阅读说明：本技术 基于不规则三角网的线路横断面自动提取方法 (Automatic line cross section extraction method based on irregular triangulation network ) 是由 陈泽远 许张柱 王宾宾 张先文 金鸿 张斌 杨宏宝 范靖岘 于 2020-06-28 设计创作，主要内容包括：本发明涉及一种基于不规则三角网的线路横断面自动提取方法,所述方法首先确定线路断面里程的坐标、切线和横断面方向,然后利用ArcGIS Object API实现在不规则三角网模型上提取点高程,最后输出文本形式的断面数据和曲线图。本发明能够自动计算里程点的坐标、切线和横断面方向,按固定间隔提取高程数据,使用者只需要少量的内业数据准备工作便可快速获取断面数据并自动绘图。这不仅改变了传统方式的作业模式,将大量的野外作业转移到室内,避免了野外安全事故的发生,同时也提高了工作效率。(The invention relates to an automatic line cross section extraction method based on an irregular triangulation network. The invention can automatically calculate the coordinate, the tangent line and the cross section direction of the mileage point, extract elevation data according to fixed intervals, and a user can quickly acquire section data and automatically draw by only needing a small amount of homework data preparation work.
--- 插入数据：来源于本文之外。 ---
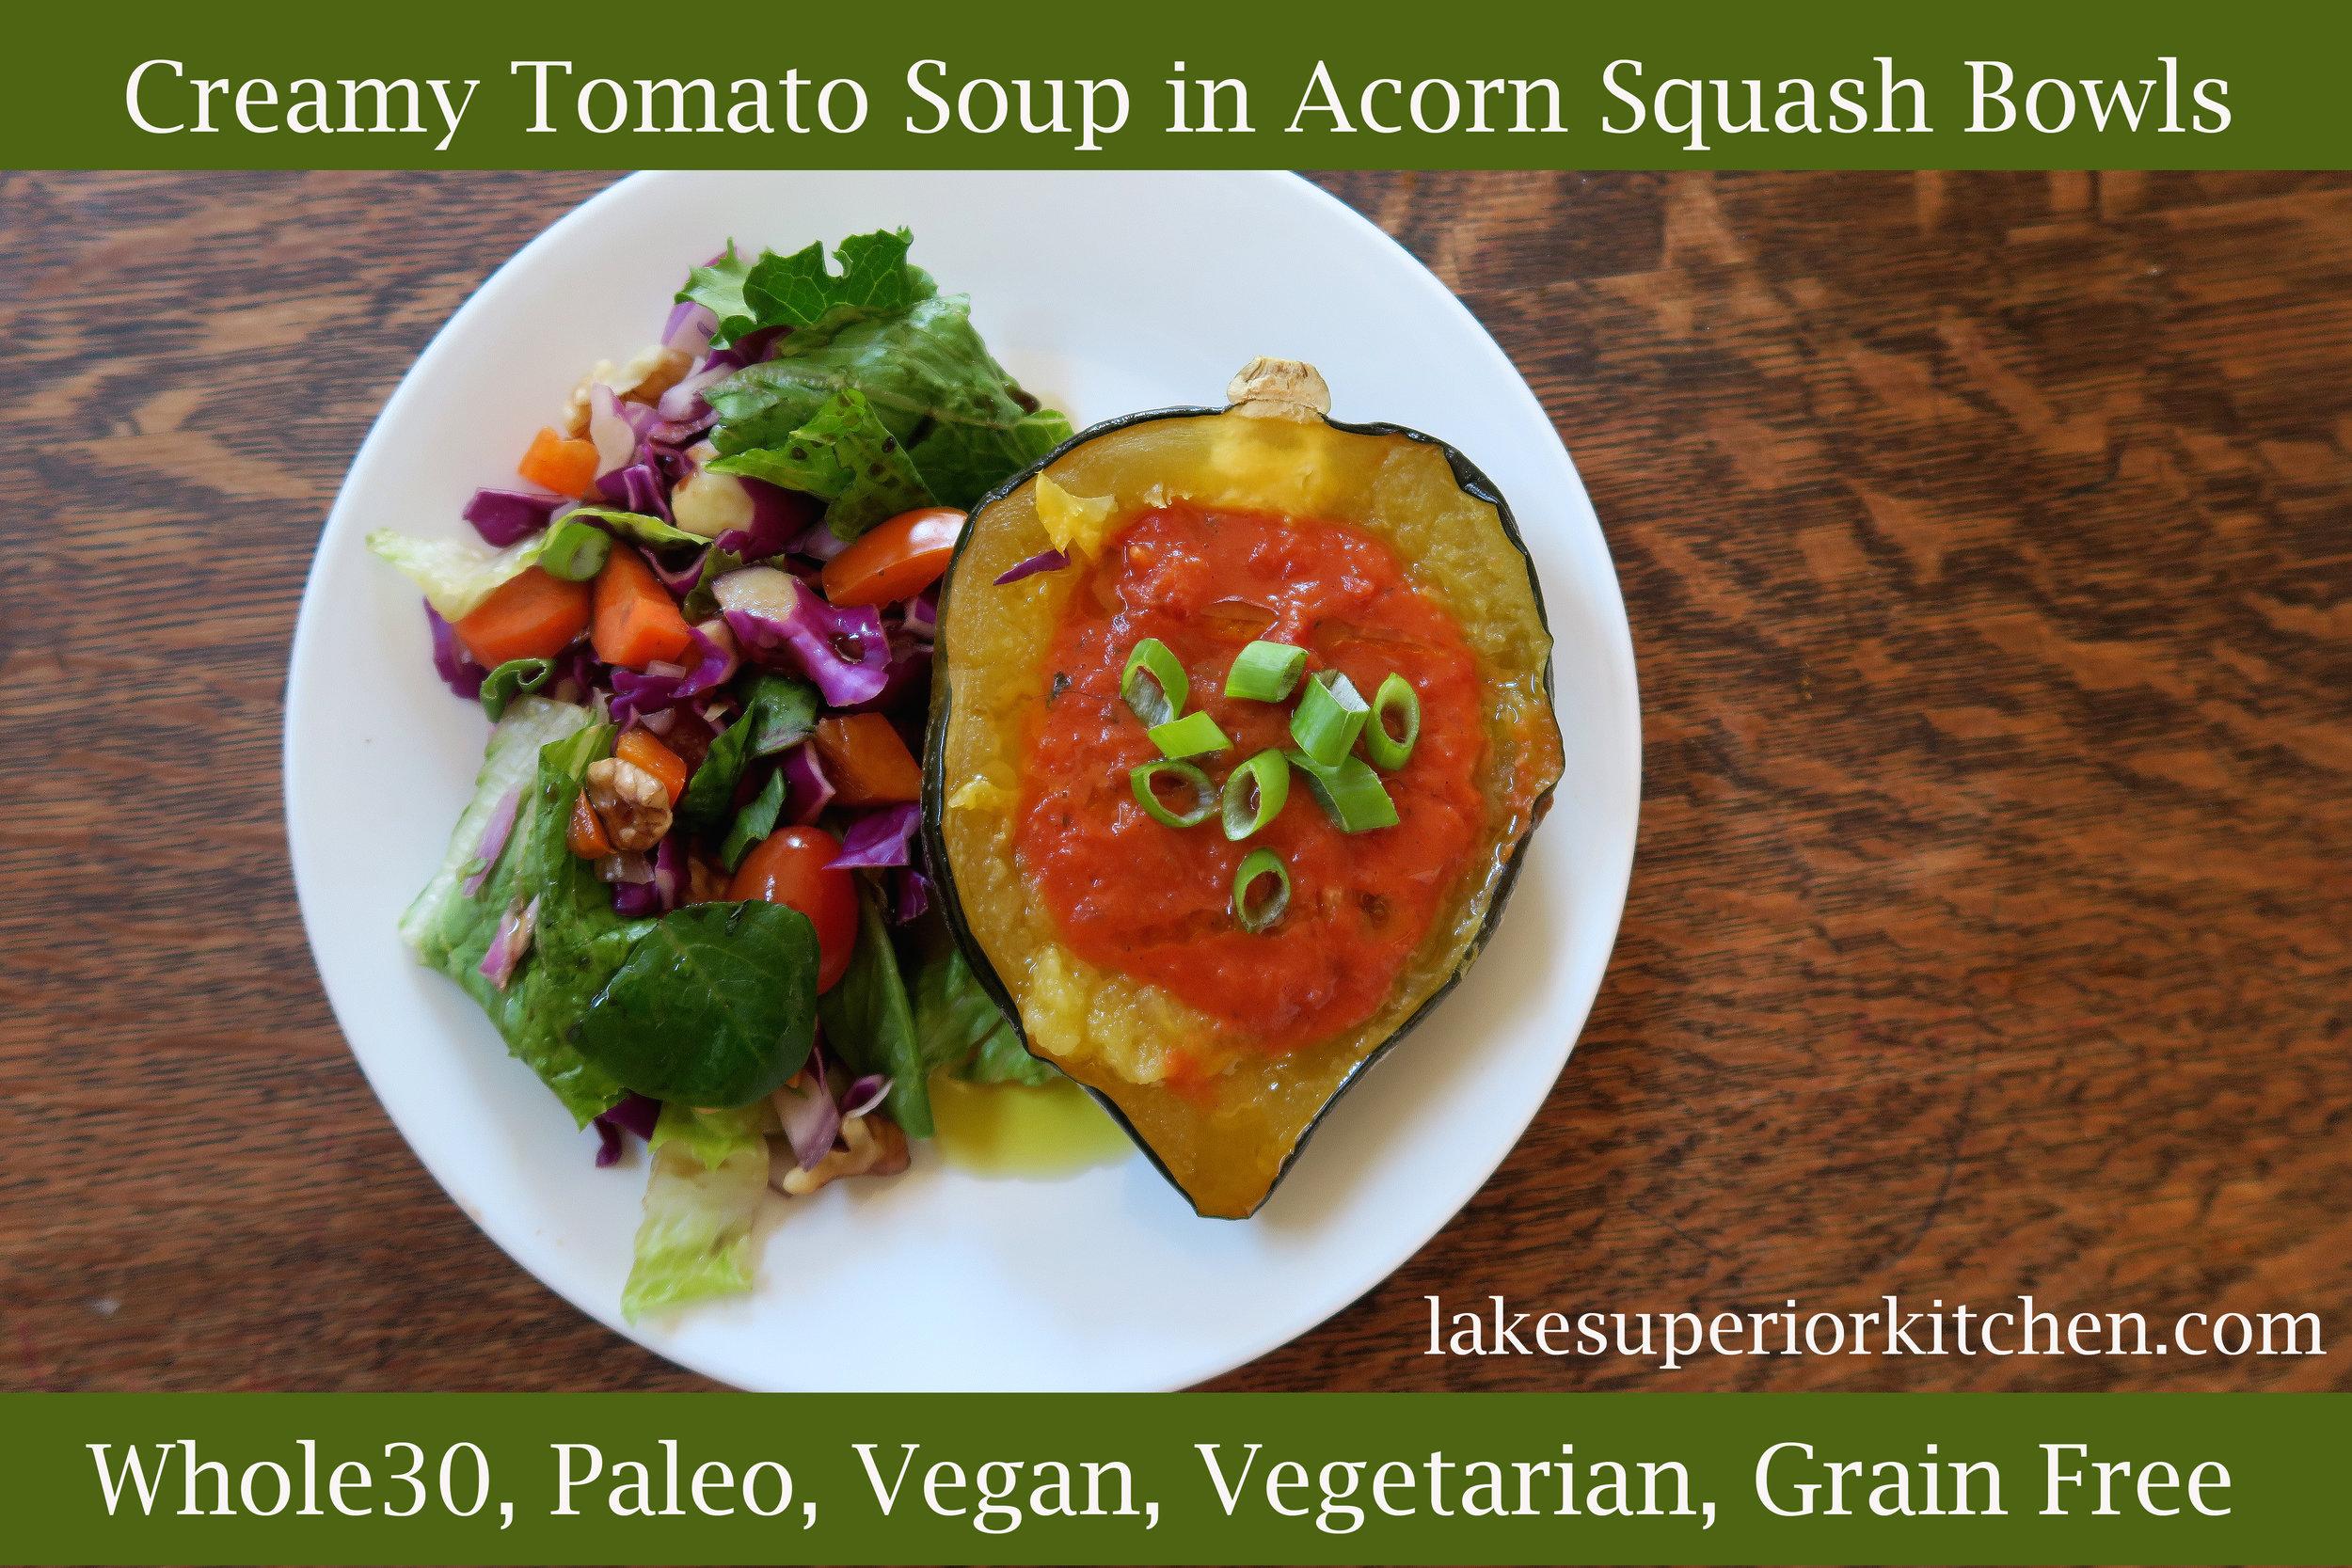 whole30, whole30recipes, tomato soup, vegan, vegetarian, paleo, paleo recipe, soup, healthy soup

The method changes the operation mode of the traditional mode, transfers a large amount of field operation to the indoor, avoids the occurrence of field safety accidents, and simultaneously improves the working efficiency.)

1. The automatic extraction method of the line cross section based on the irregular triangulation network is characterized by comprising the following steps:

The method comprises the steps of firstly determining coordinates, tangents and cross section directions of mileage of a line cross section, then utilizing three-dimensional display and analysis functions of ArcGIS software to extract the elevation of an irregular triangulation network, and finally outputting section data and a curve graph in a text form.
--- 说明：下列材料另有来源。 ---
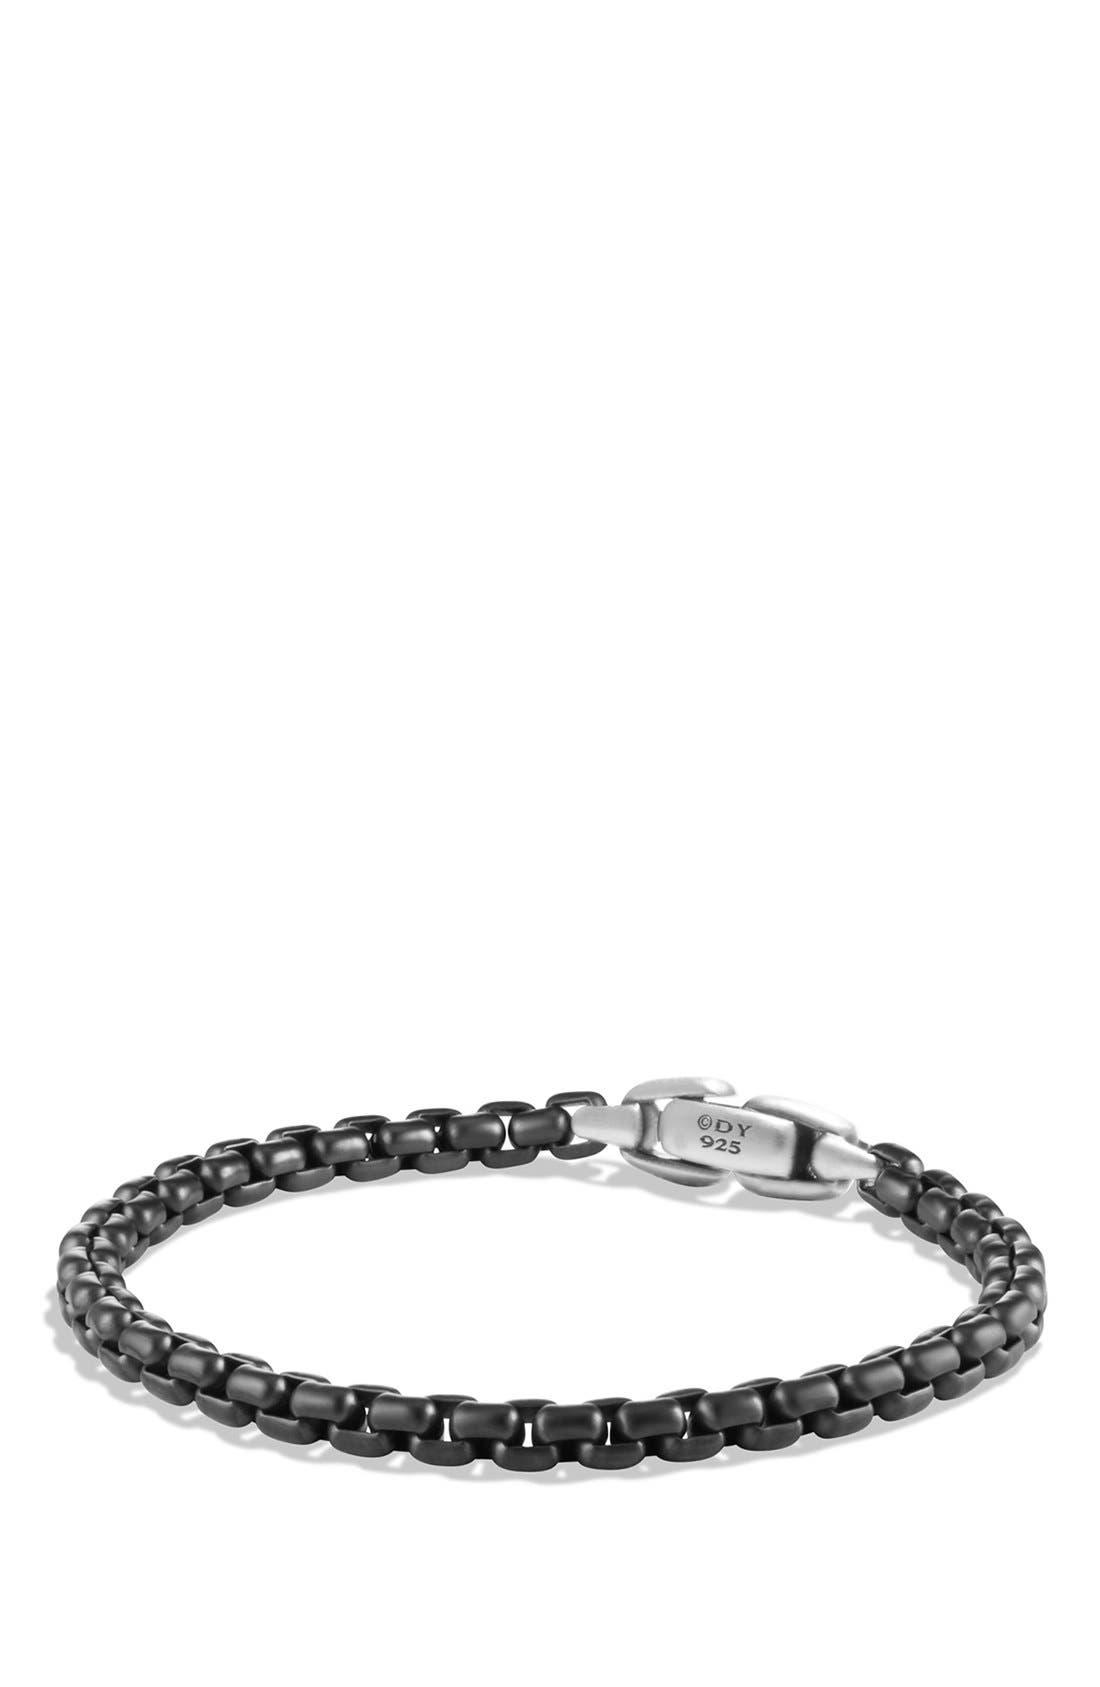 Box Chain Bracelet,                             Main thumbnail 1, color,                             STAINLESS STEEL

2. The method for automatically extracting the cross section of the line based on the irregular triangulation network as claimed in claim 1, wherein:

the method specifically comprises the following steps:

step 1: obtaining an irregular triangulation network model;

step 2: preparing a line configuration file and a section mileage file;

and 3, step 3: importing an irregular triangulation network model;

and 4, step 4: extracting a section;

and 5, step 5: deriving section data;

and 6, step 6: drawing a section curve chart.

3. The method for automatically extracting the cross section of the line based on the irregular triangulation network as claimed in claim 2, wherein:

the step 1 specifically comprises the following steps:

an irregular triangulation network model is generated based on photogrammetry, oblique photogrammetry, or LiDAR data.

4. The method for automatically extracting the cross section of the line based on the irregular triangulation network as claimed in claim 3, wherein:

the step 2 specifically comprises the following steps:

calculating coordinates of the mileage points by using an intersection method or a line element method; when curve elements exist, an intersection point method is adopted, otherwise, a line element method is adopted;

Before data processing, an intersection normal line configuration file or a line element normal line configuration file needs to be prepared;

the section mileage file records the mileage and the left and right ranges of the cross section to be automatically extracted, and the sections are extracted one by one according to the mileage in the file.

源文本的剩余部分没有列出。